Los especialistas en la técnica conocen el término amplicón. Por amplicón, se entiende en este documento cualquier producto de amplificación.

La amplificación se conoce en la técnica, y puede ser cualquier proceso que implique al menos una etapa de amplificación, en particular al menos una PCR o una etapa de amplificación basada en PCR.

Por oligonucleótido "compatible para protocolos múltiples" se entiende en este documento cualquier oligonucleótido que puede usarse satisfactoriamente en un protocolo (PCR) múltiple. En particular, los oligonucleótidos "compatibles para protocolos múltiples" permiten resultados específicos y sensibles en un protocolo múltiple.

Por oligonucleótido "compatible para protocolos cuantitativos", se entiende en este documento cualquier oligonucleótido que puede usarse satisfactoriamente protocolo (PCR) cuantitativo. En particular, los oligonucleótidos "compatibles para protocolos cuantitativos" permiten resultados específicos, sensibles y cuantitativos.

En este documento, una secuencia complementaria a otra secuencia, se refiere a una secuencia que es complementaria a dicha otra secuencia a lo largo de la longitud completa de esa otra secuencia.

Aunque el proceso de acuerdo con la presente descripción puede realizarse ventajosamente en el armazón de un protocolo múltiple, evidentemente también puede realizarse como un protocolo simple, por ejemplo un protocolo de punto final o cualitativo simple.

Por secuencia molde de referencia, como se usa en este documento se entiende cualquier secuencia molde que puede usarse como una referencia para el alineamiento. Por ejemplo, algunos genomas se consideran como genomas de referencia. El alineamiento secuencial se conoce en la técnica.
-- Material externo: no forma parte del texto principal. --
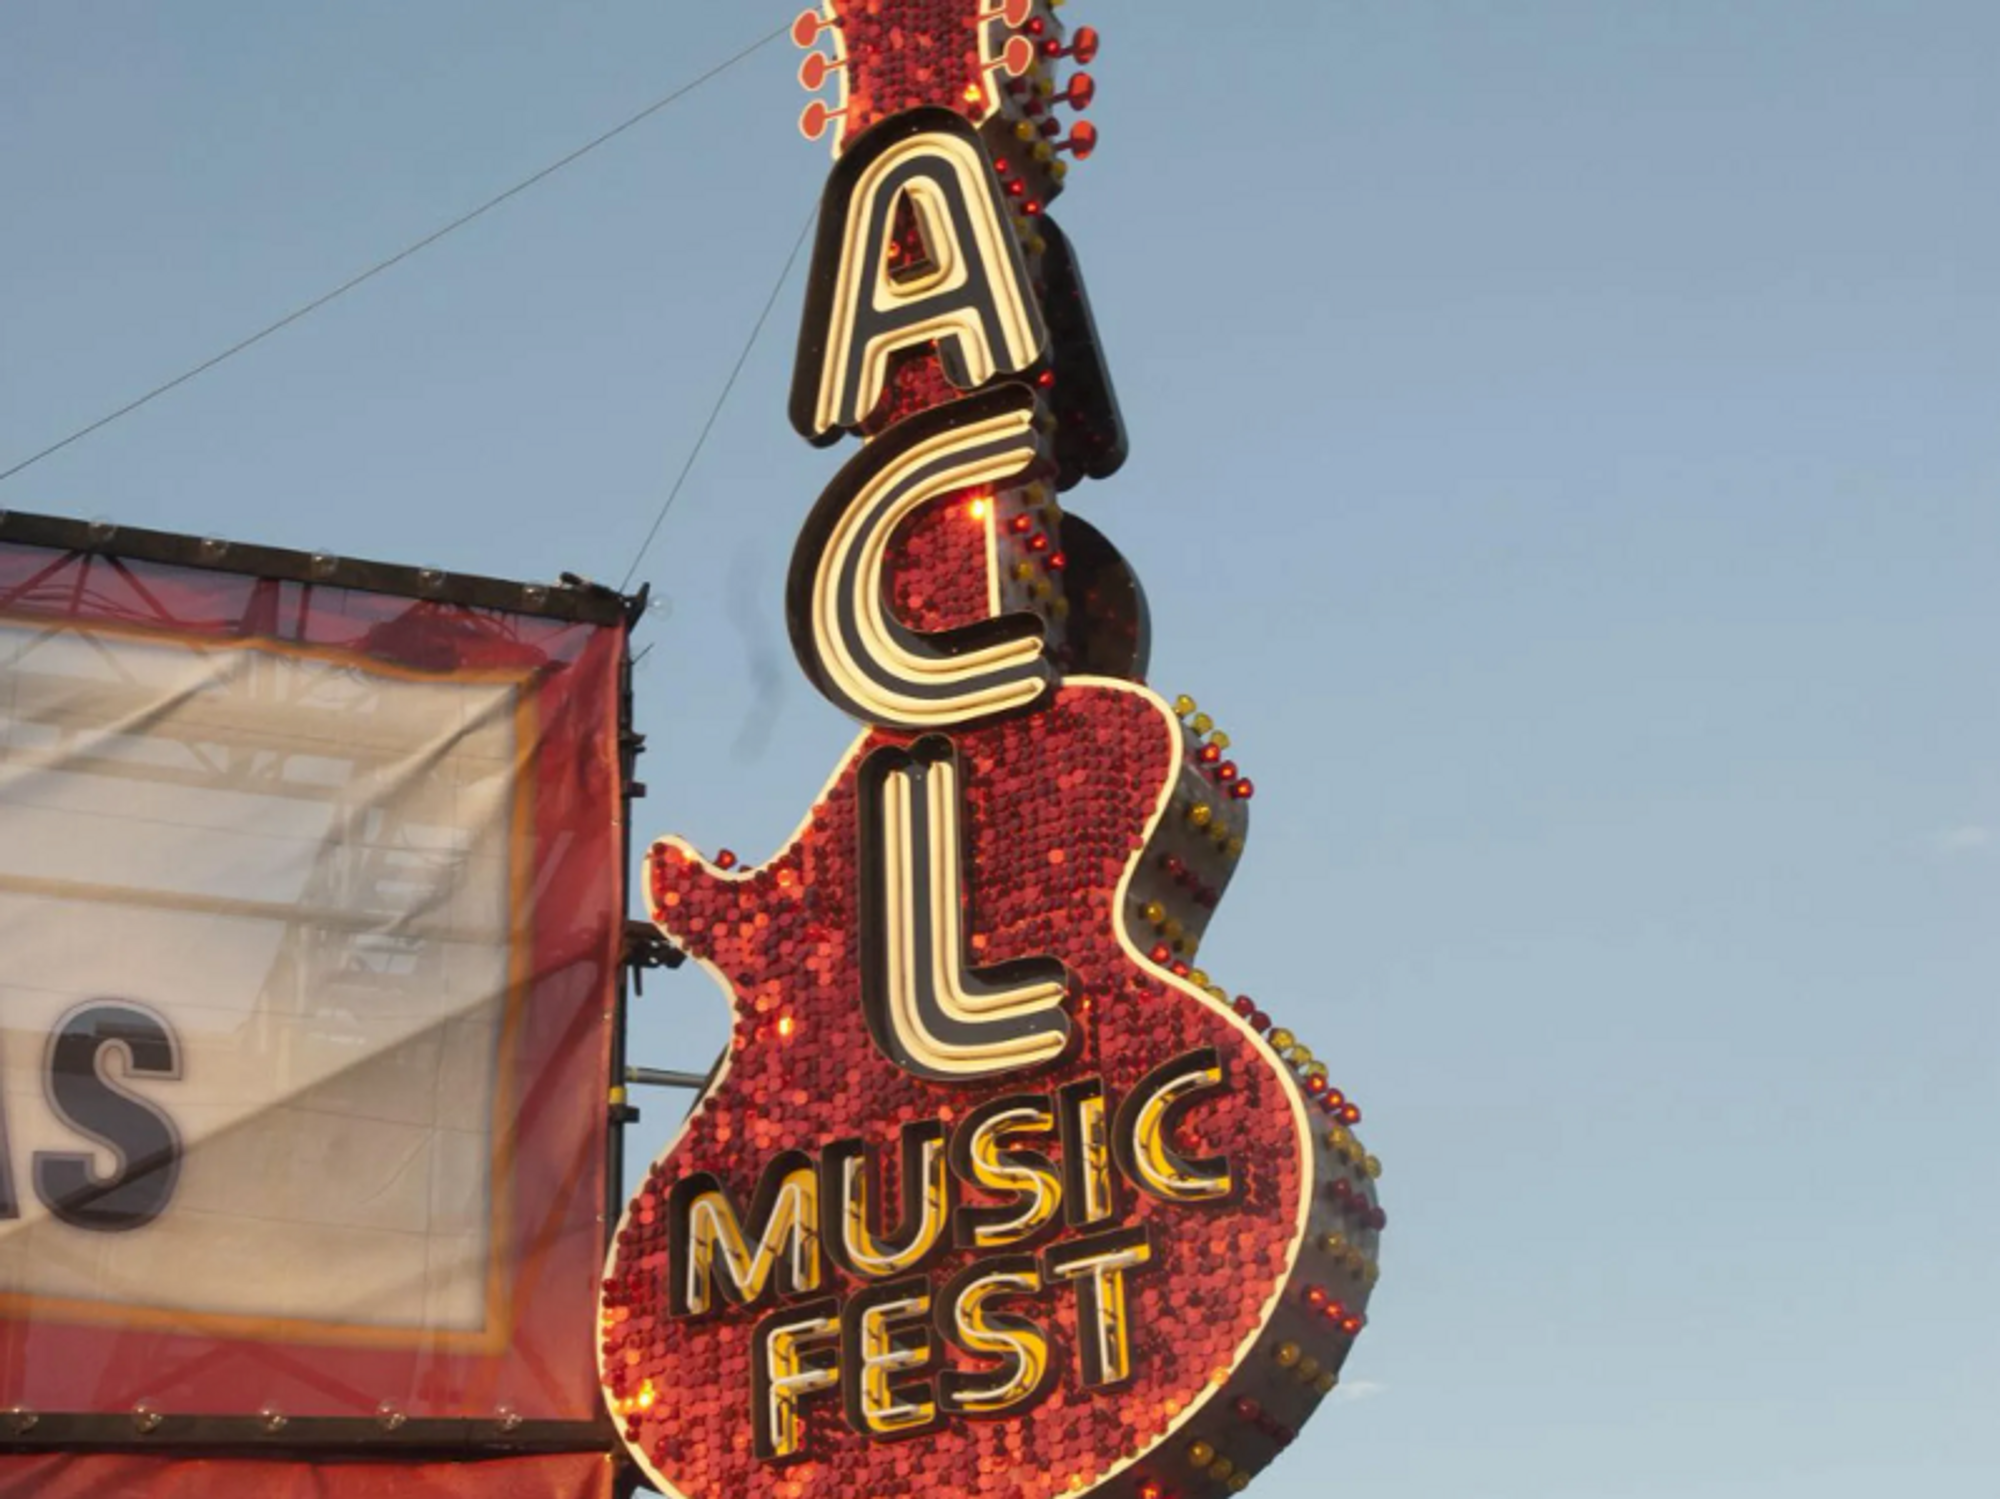 ACL Music Fest sign

Ventajosamente de acuerdo con la invención, las SEC ID Nº: 1 a 5 y los fragmentos de las mismas mencionados anteriormente son secuencias molde de referencia que comparten la característica técnica específica de ser referencias adecuadas para construir y producir cebadores que permiten una detección cuantitativa de al menos uno de los subtipos del VIH1-M, VIH1-O, VIH2-A y VIH2-B. Dichas secuencias molde de referencia son referencias adecuadas para construir y producir cebadores que permiten:

-: una detección cuantitativa en tiempo real de al menos uno de dichos subtipos del VIH,

-: una detección múltiple de al menos uno de dichos subtipos del VIH,

-: una detección múltiple cuantitativa en tiempo real de al menos uno de dichos subtipos del VIH.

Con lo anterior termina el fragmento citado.